Exercise 16.18 on page 415 of Lee's Introduction to Smooth Manifolds (2nd edition) asks us to show that $\mathbb{H}^n$ and $\overline{\mathbb{R}}^n_+$ are homeomorphic.

However, it seems to me the spaces are not homeomorphic, as shown by the following argument.

Suppose $f: \overline{\mathbb{R}}^n_+ \to \mathbb{H}^n$ is a homeomorphism. Set $f(0, \dots , 0) = (a^1, \dots, a^n)$. Then

$$A = f(\overline{\mathbb{R}}^n_+ \setminus \{(0, \dots, 0)\}) = f((\infty,0) \times \cdots \times (\infty,0)) = \\ ((\infty, a^1) \cup (a^1, - \infty)) \times \cdots \times ((\infty, a^n) \cup (a^n, 0]),$$ where, if $a^n= 0$, then in the last factor we discard $(a^n, 0]$.

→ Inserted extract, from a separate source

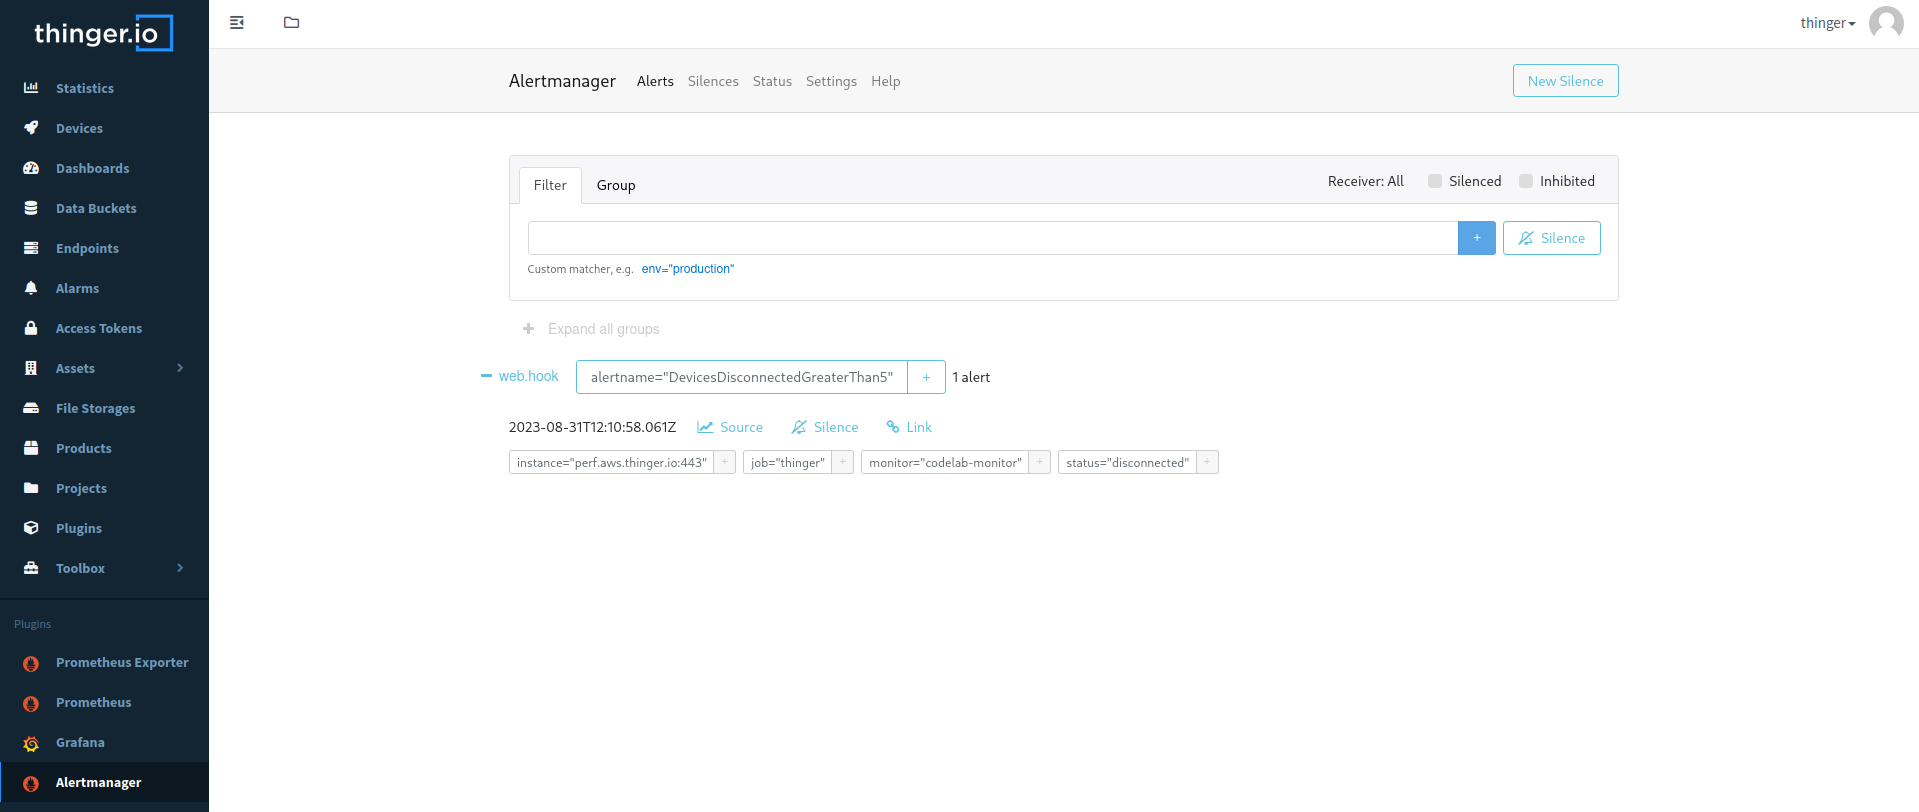 Alertmanager web UI integrated into Thinger.io Platform

The set $A$ is connected as it is the continuous image of the connected set $(\infty, 0) \times (\infty,0)$. But at the same time we see that $A$ is disconnected as it is the union of the disjoint relatively open sets $(\infty, a^1) \times \cdots \times (\infty, a^n)$ and $ (a^1, - \infty) \times \cdots \times (a^n, 0]$ (or $(\infty, a^1) \times \cdots \times (\infty, 0)$ and $(a^1, - \infty) \times \cdots \times (\infty, 0)$ in case $a^n = 0$).

Is there a mistake in my argument or something I am missing? Any comments are greatly appreciated.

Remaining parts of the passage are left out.